For instance, take a look at this section of the speech, which you could easily imagine coming from a Republican president in defense of a conservative nominee:
[Garland’s] sterling record as a prosecutor led him to the Justice Department, where he oversaw some of the most significant prosecutions in the 1990s, including overseeing every aspect of the federal response to the Oklahoma City bombing. In the aftermath of that act of terror, when 168 people, many of them small children, were murdered, Merrick had one evening to say goodbye to his own young daughters before he boarded a plane to Oklahoma City, and he would remain there for weeks. He worked side by side with first responders, rescue workers, local and federal law enforcement. He led the investigation and supervised the prosecution that brought Timothy McVeigh to justice.
But perhaps most important is the way he did it. Throughout the process, Merrick took pains to do everything by the book. When people offered to turn over evidence voluntarily, he refused, taking the harder route of obtaining the proper subpoenas instead, because Merrick would take no chances that someone who murdered innocent Americans might go free on a technicality.
Such “law and order” rhetoric makes lefties nervous (MSNBC’s Chris Hayes described it as “reactionary garbage”); but it makes conservatives — the smart ones, at least — downright scared. Why? Not just because they think it’ll make stopping Garland harder, but because they know a wedge issue when they see one. And they know that Obama will answer their obstruction by driving that wedge as deep into the GOP coalition as he can.
In this scenario, it’s hard to see how Obama loses. If ratcheting up the pressure causes the GOP to cry uncle, then Garland ends up on the Supreme Court, giving liberals the majority for the first time in a generation. And if that pressure isn’t enough to get Garland a vote, it’s still going to cause the GOP even more internal strife than it’s experiencing already — which makes a Clinton victory more likely, too.
And if Clinton wins, then Obama has a few options.
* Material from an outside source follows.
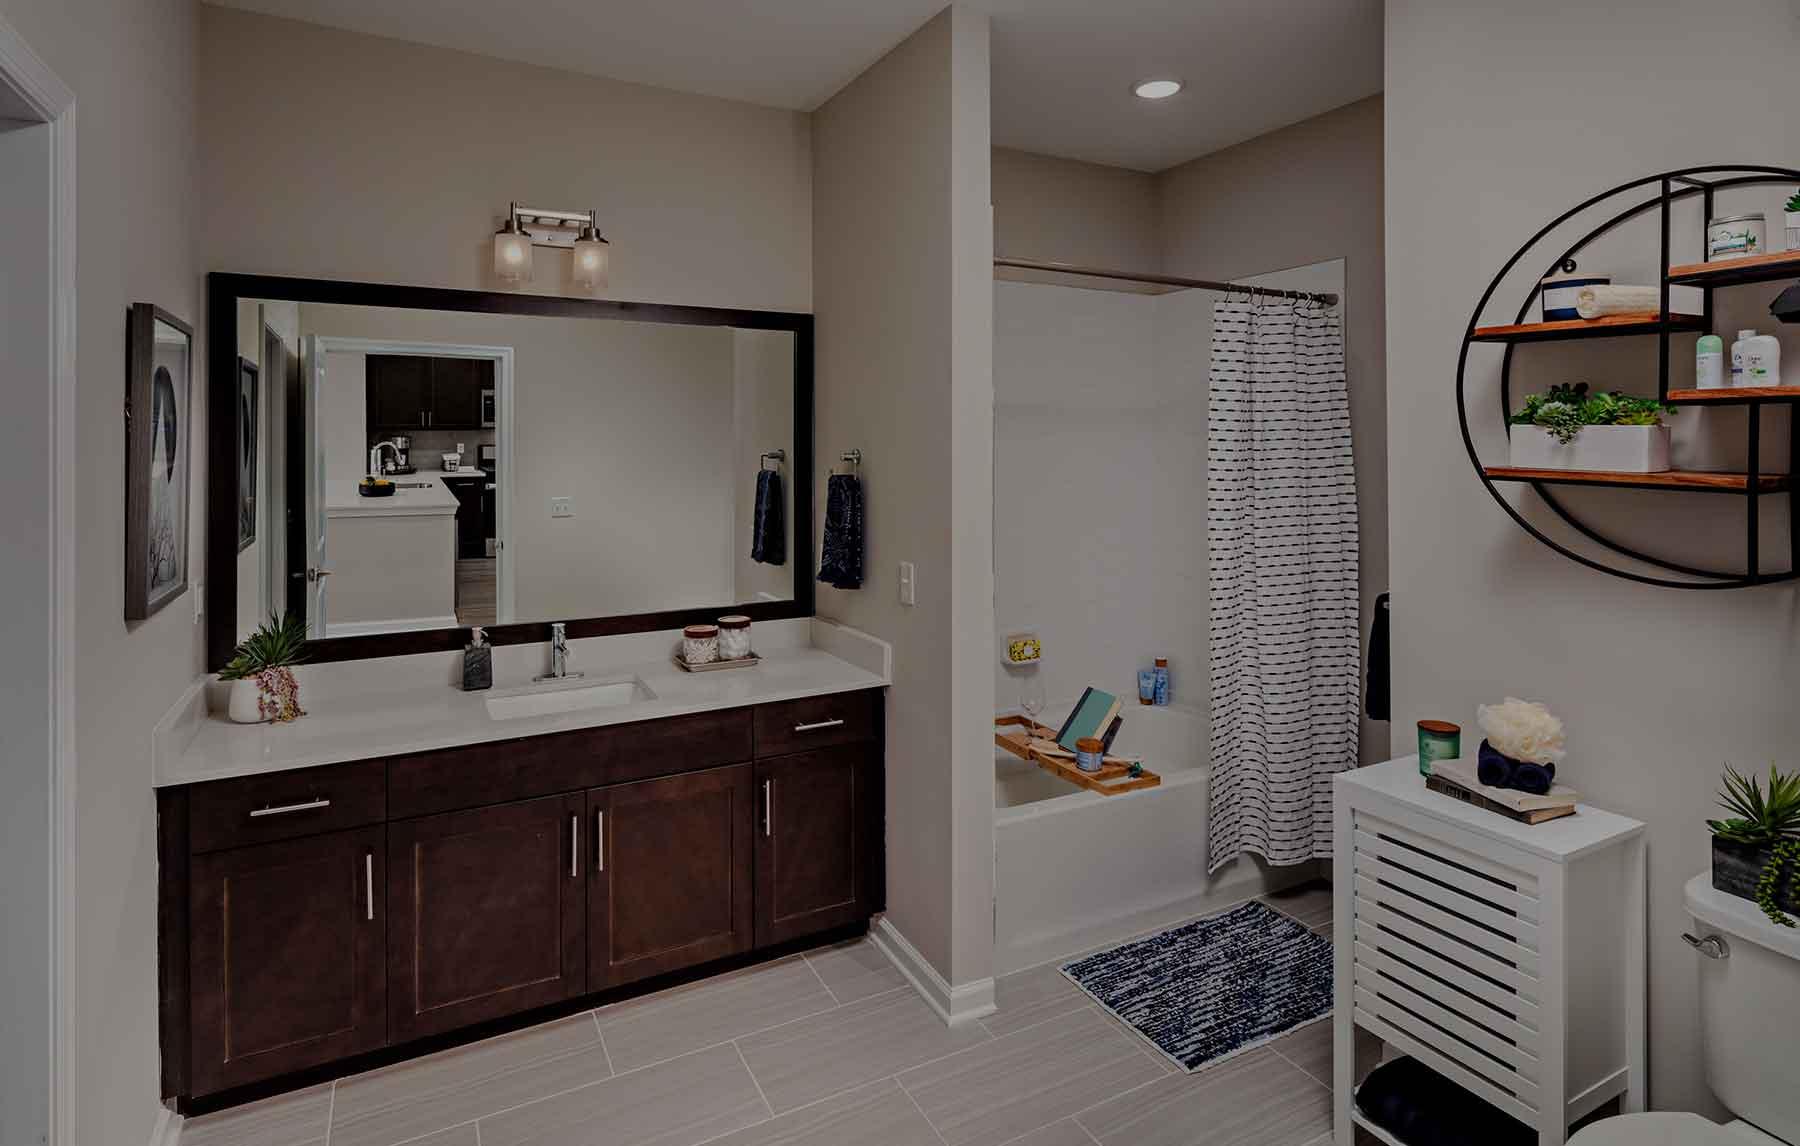 The Lofts at Monroe Parke bathroom interior

He can try to get Garland confirmed in a “lame-duck” session; or he can punish Republicans even further, as many liberals will no doubt advocate, by withdrawing Garland and letting Clinton pick an even more liberal nominee herself. Either way, the Supreme Court just got a lot more liberal; and the Republican Party just got a lot more demoralized and divided.
As noted in the beginning of the piece, it’s eminently possible that this doesn’t work. Republicans may prove just smart enough to take what Obama’s giving. But even if that happens, it wouldn’t change the subtly ruthless nature of the president’s gambit. You may disagree with the strategy — you may prefer firing up liberals to splitting Republicans — but there should be no question that Obama knows what he’s doing.